The ECU 100 is a computer for controlling the air conditioner 200. The ECU 100 includes a processor 101, a main storage unit 102, and an auxiliary storage unit 103. The processor 101 is, for example, a central processing unit (CPU) or a digital signal processor (DSP). The main storage unit 102 is, for example, a random access memory (RAM). The auxiliary storage unit 103 is, for example, a read-only memory (ROM), a hard disk drive (HDD), or a flash memory. Further, the auxiliary storage unit 103 may include a removable medium (portable recording medium). Here, the removable medium is, for example, a universal serial bus (USB) memory, a secure digital (SD) card, or a disc recording medium such as a compact disc read-only memory (CD-ROM), a digital versatile disc (DVD), or a Blu-ray disc.

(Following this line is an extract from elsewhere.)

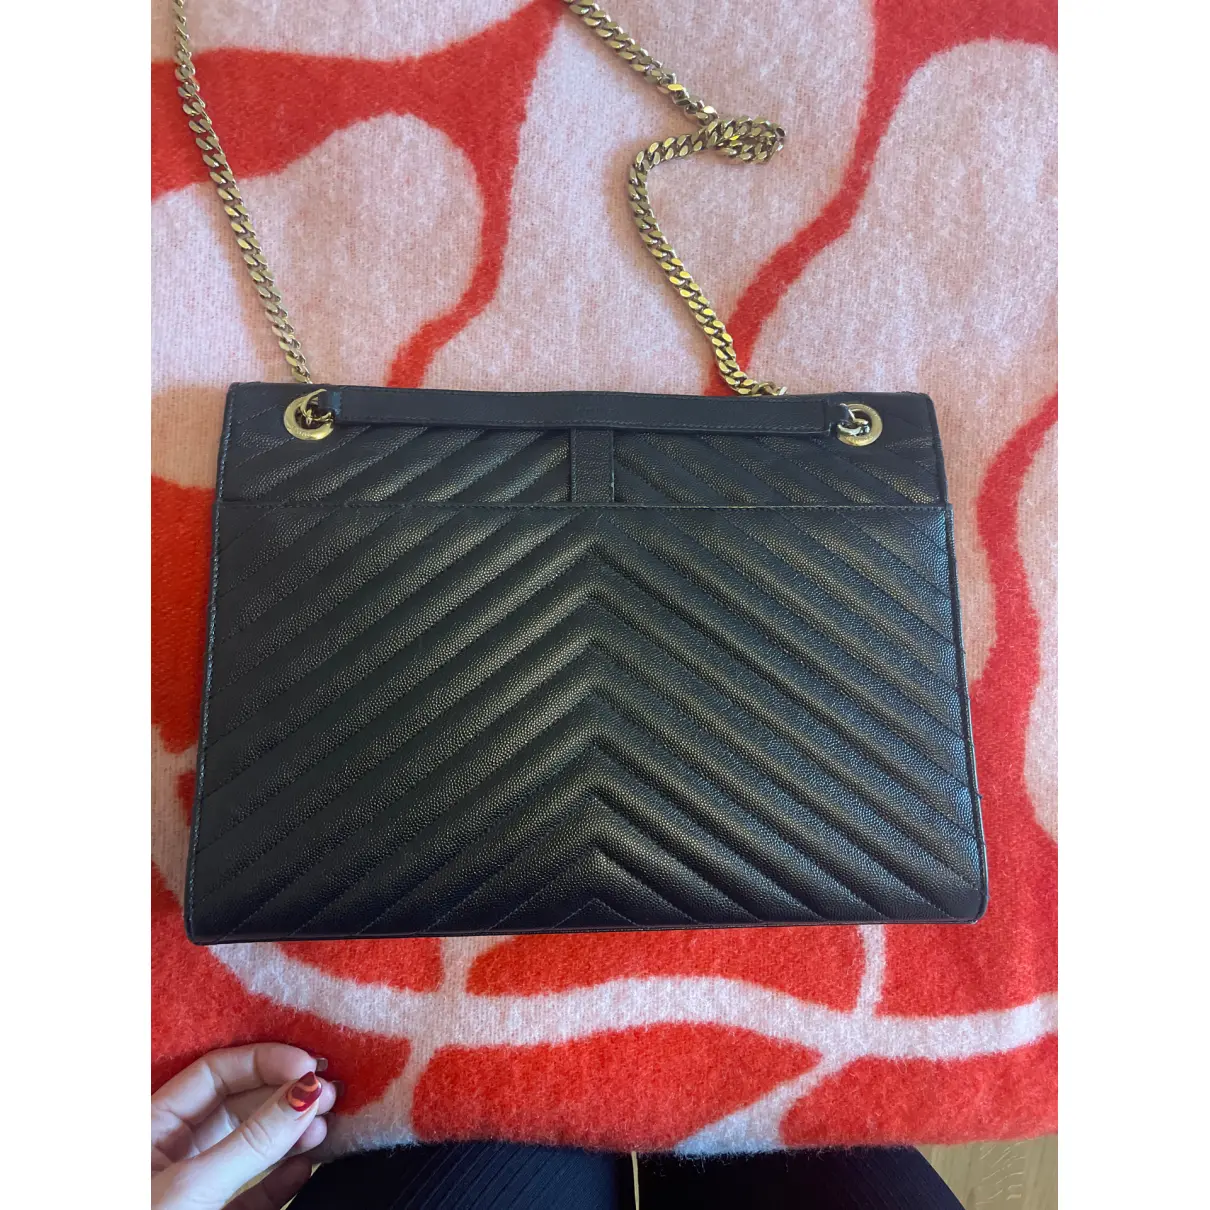 Envelope leather handbag Saint Laurent

The auxiliary storage unit 103 stores an operating system (OS), various programs, various information tables, and the like. Then, the processor 101 loads a program stored in the auxiliary storage unit 103 into the main storage unit 102 and executes the program, whereby control of the air conditioner 200 as described later can be realized. However, some or all of the functions of the ECU 100 may be implemented by a hardware circuit such as an application specific integrated circuit (ASIC) or a field programmable gate array (FPGA). Note that, the ECU 100 may not be necessarily realized by a single physical configuration, and may be configured by a plurality of computers that cooperates with each other.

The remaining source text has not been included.